> _Task goal_:
Copy out the whole listing exactly as given. Skip the pictures.

> _Collected material_:

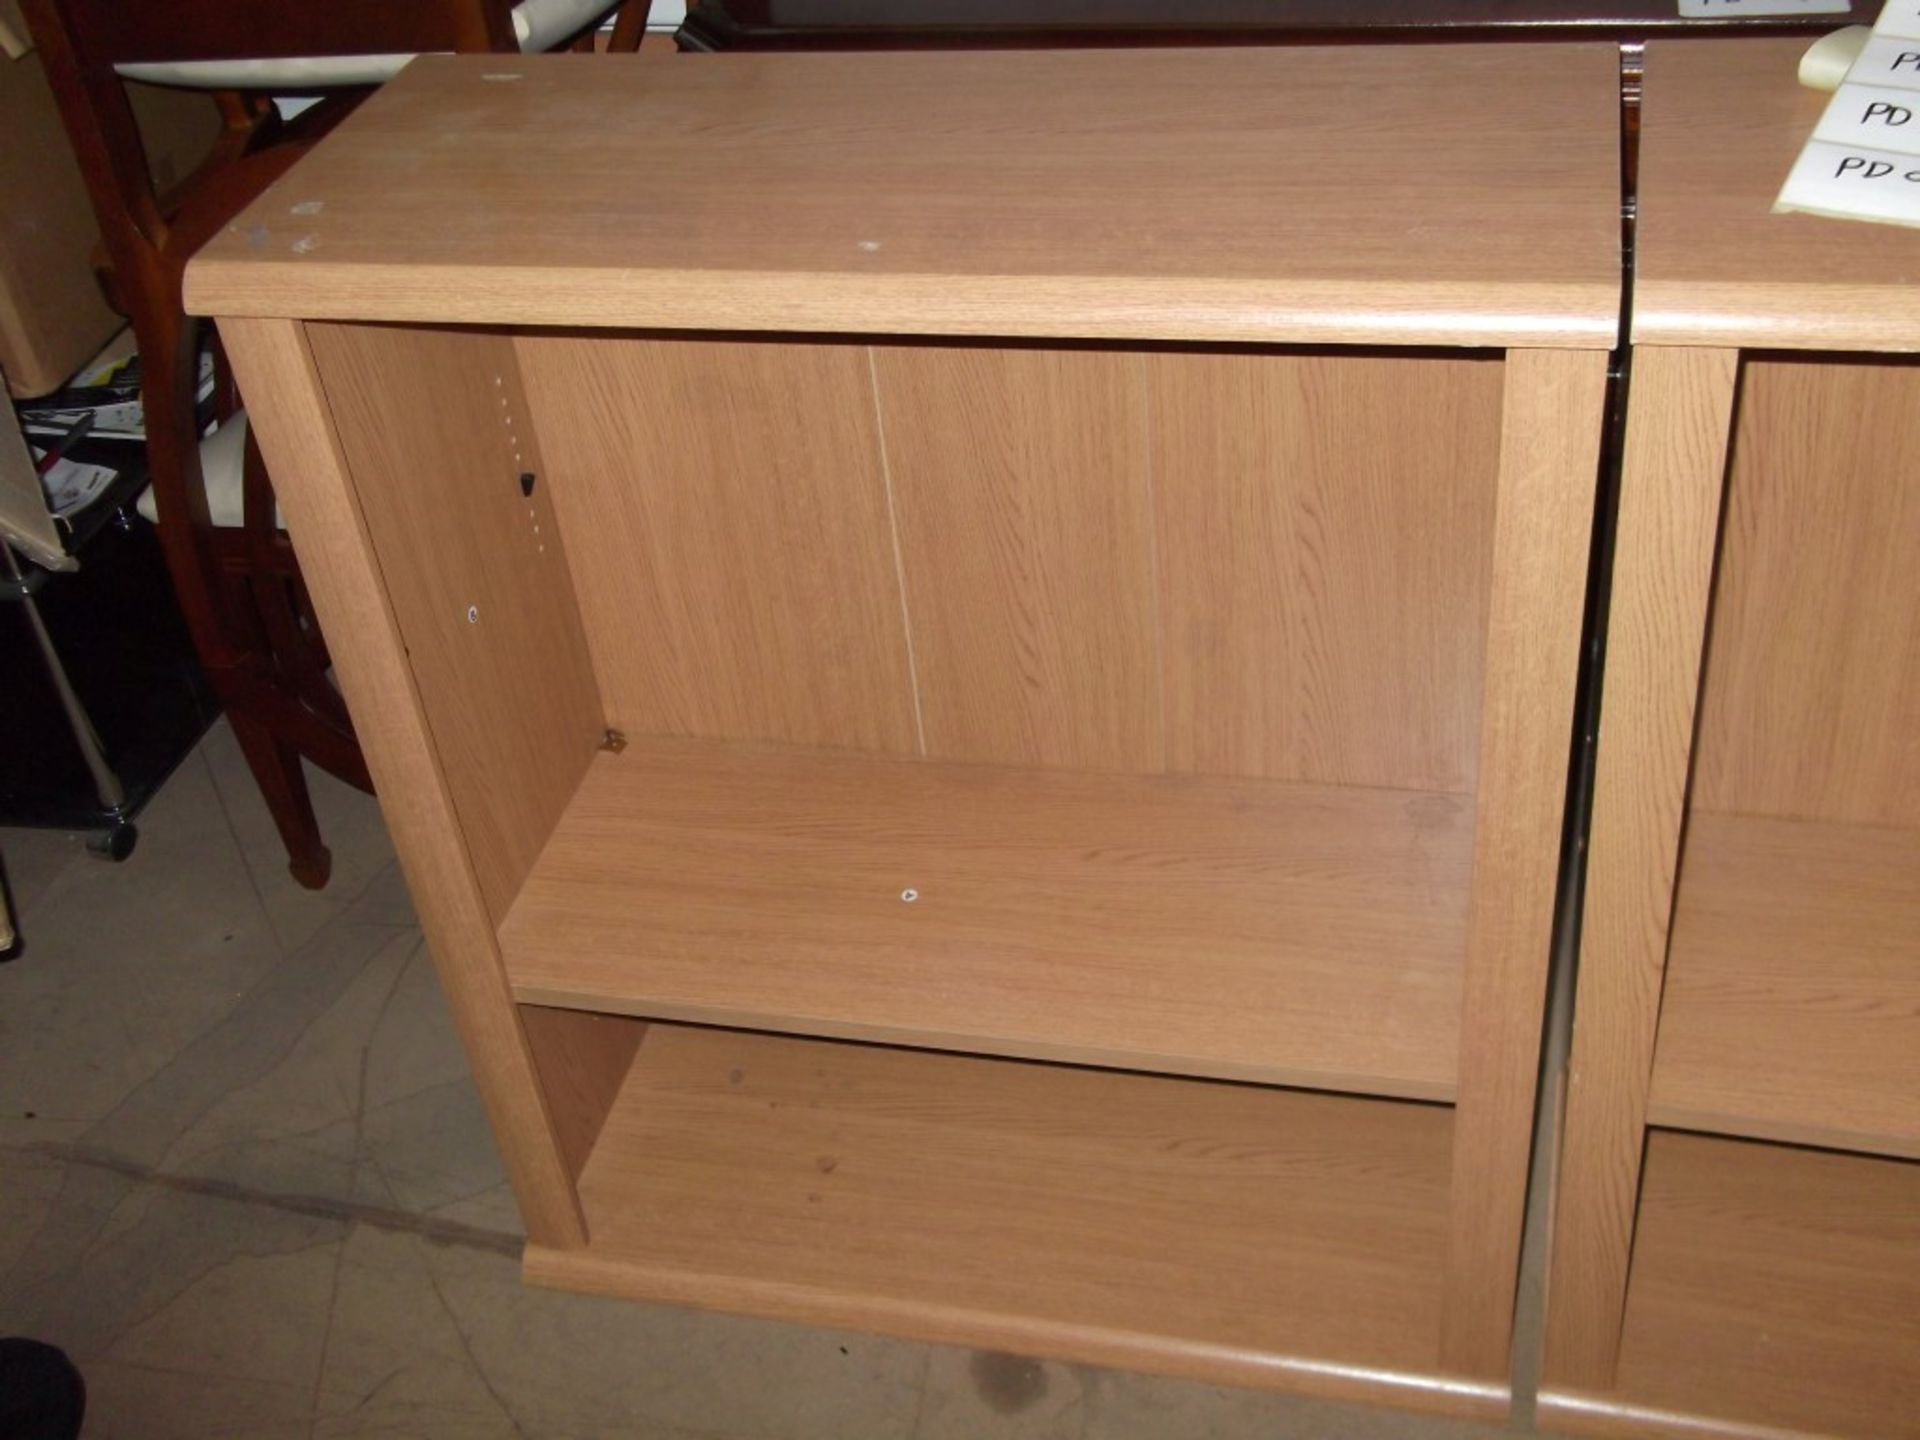 2 x Bookcases - Prebuilt - Dimensions: H80 x W80 x D33cm - PD069 / PD070 - CL079 - Location: Leeds - Image 4 of 5
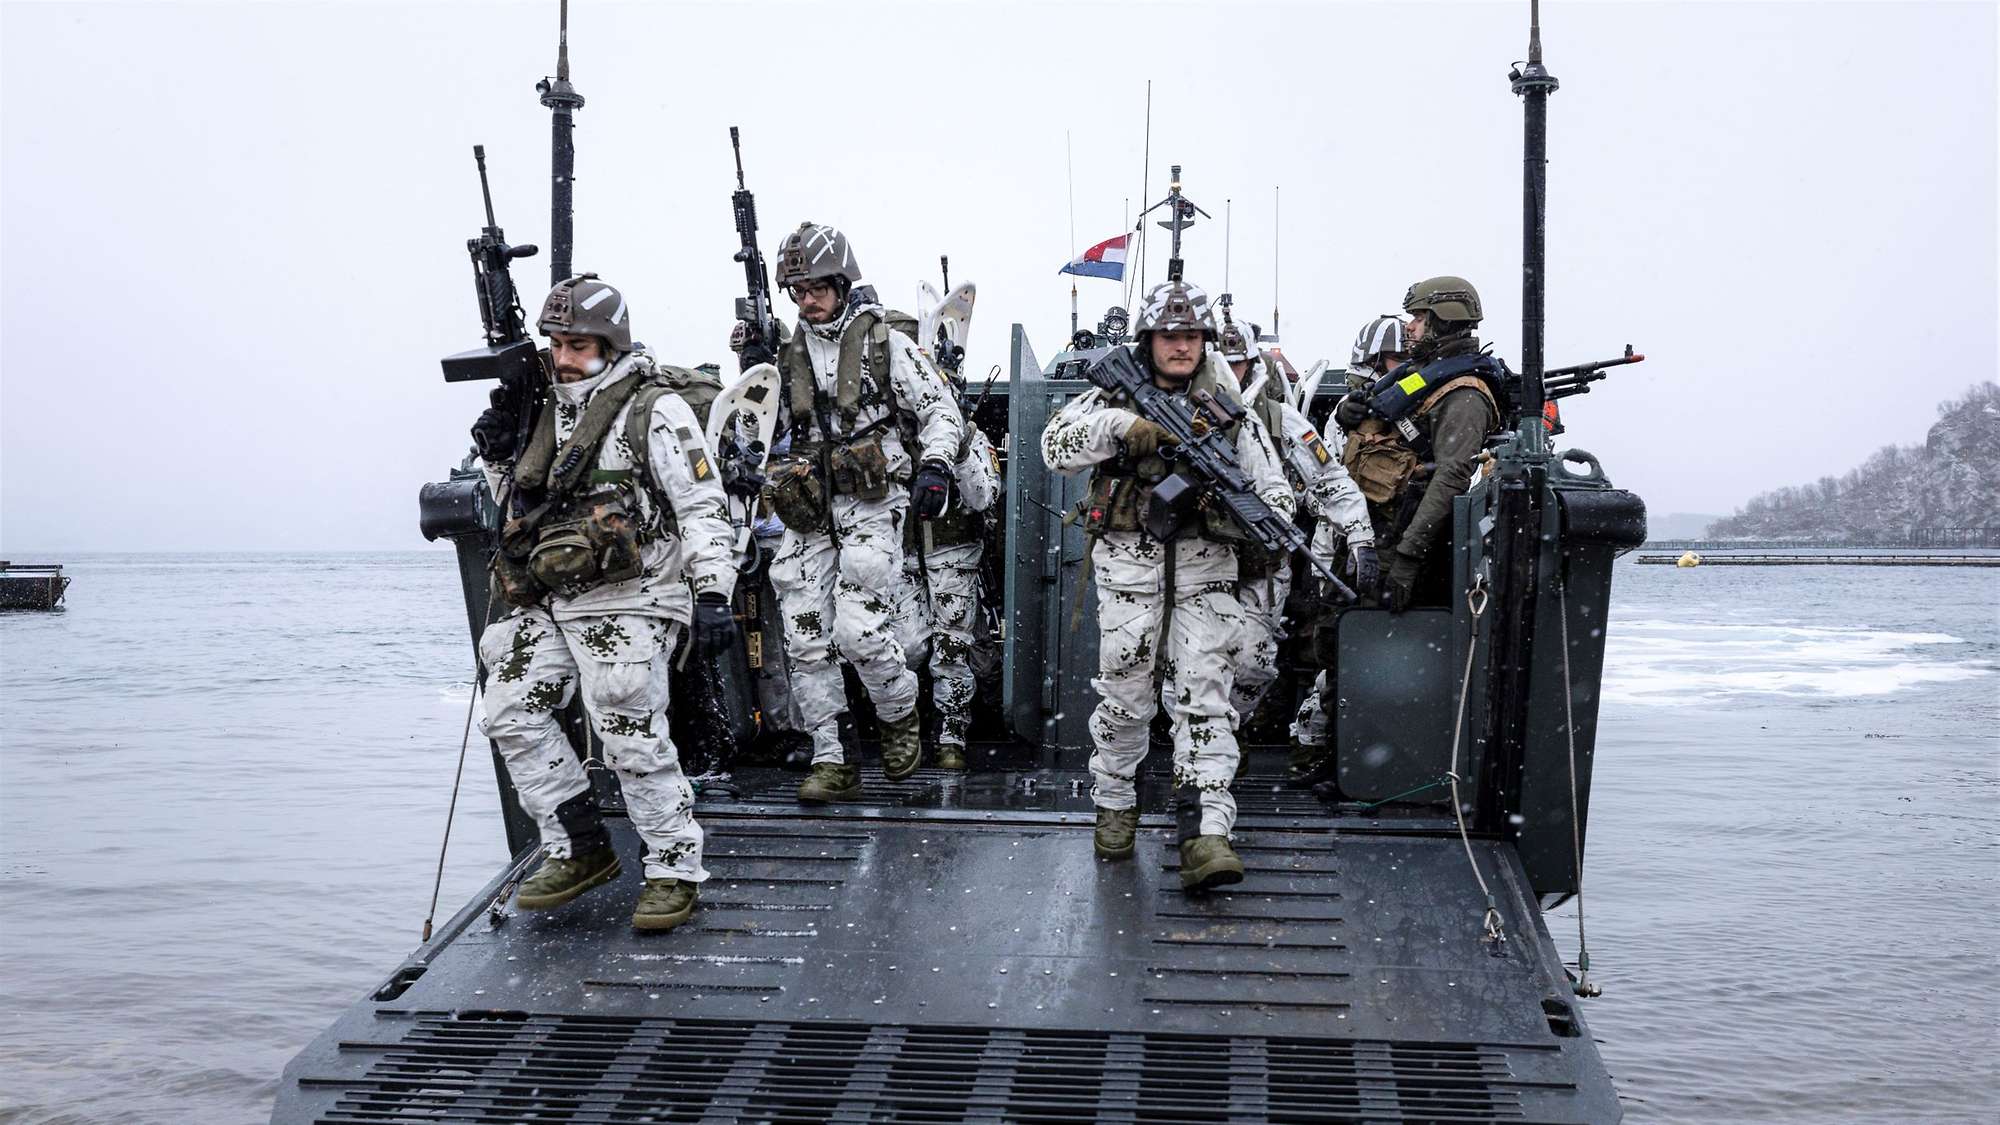 Marinesoldaten übern in der Arktis, Foto:
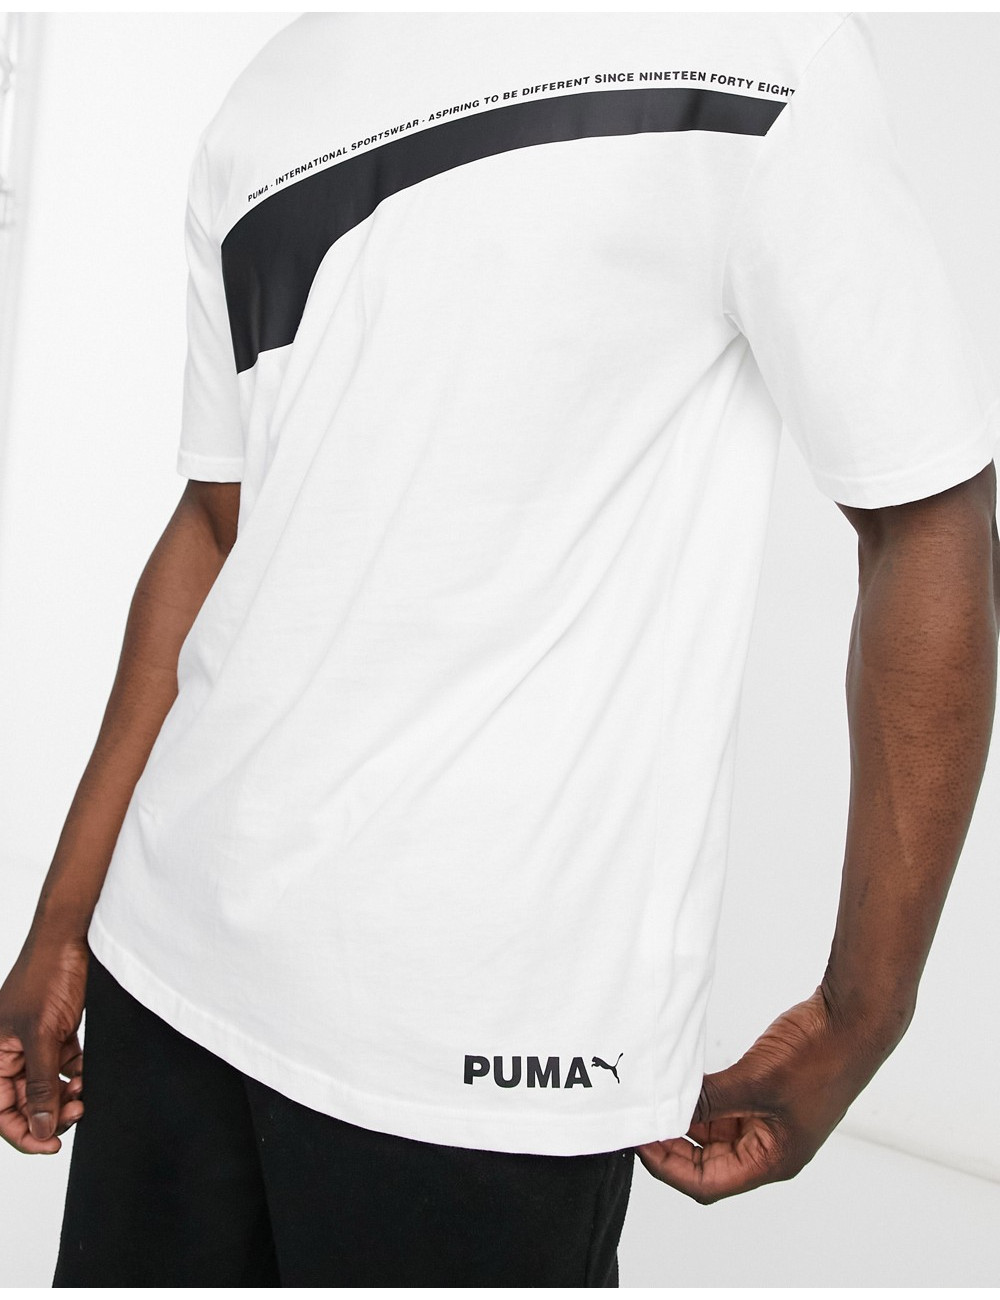 Puma avenir tshirt in white
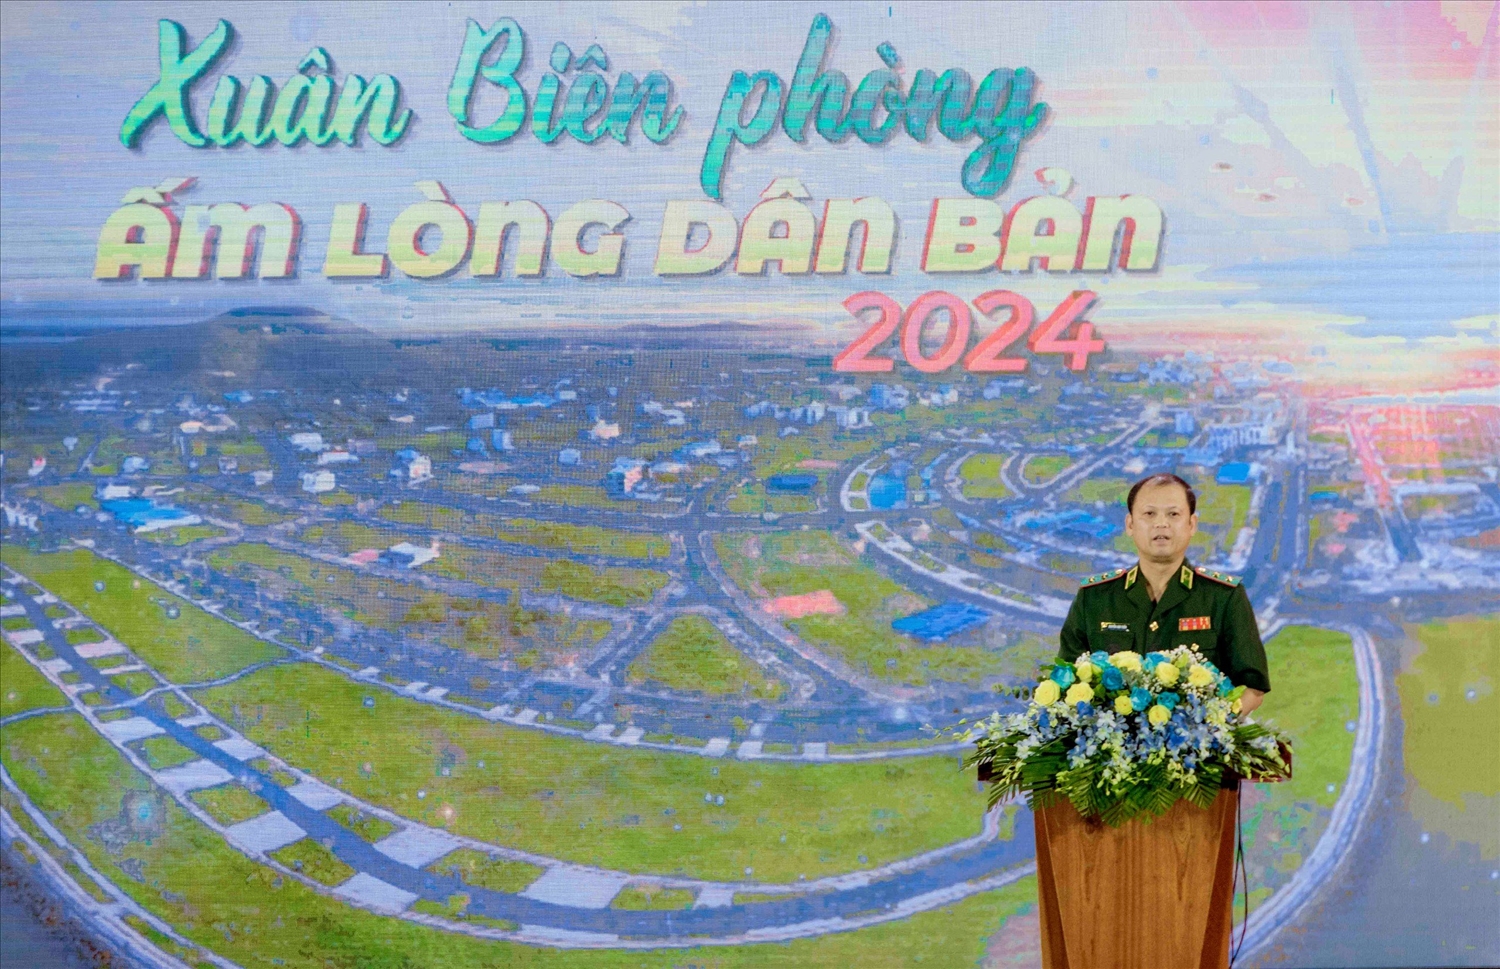 Trung tướng Nguyễn Anh Tuấn, Chính ủy Bộ Tư lệnh BĐBP phát biểu khai mạc Chương trình “Xuân Biên phòng ấm lòng Dân bản” năm 2024 tại TP. Hà Tiên ( Kiên Giang)

> _Response to this task_:
 2 x Bookcases - Prebuilt - Dimensions: H80 x W80 x D33cm - PD069 / PD070 - CL079 - Location: Leeds - Image 4 of 5
 Marinesoldaten übern in der Arktis, Foto:
 Puma avenir tshirt in white
 Trung tướng Nguyễn Anh Tuấn, Chính ủy Bộ Tư lệnh BĐBP phát biểu khai mạc Chương trình “Xuân Biên phòng ấm lòng Dân bản” năm 2024 tại TP. Hà Tiên ( Kiên Giang)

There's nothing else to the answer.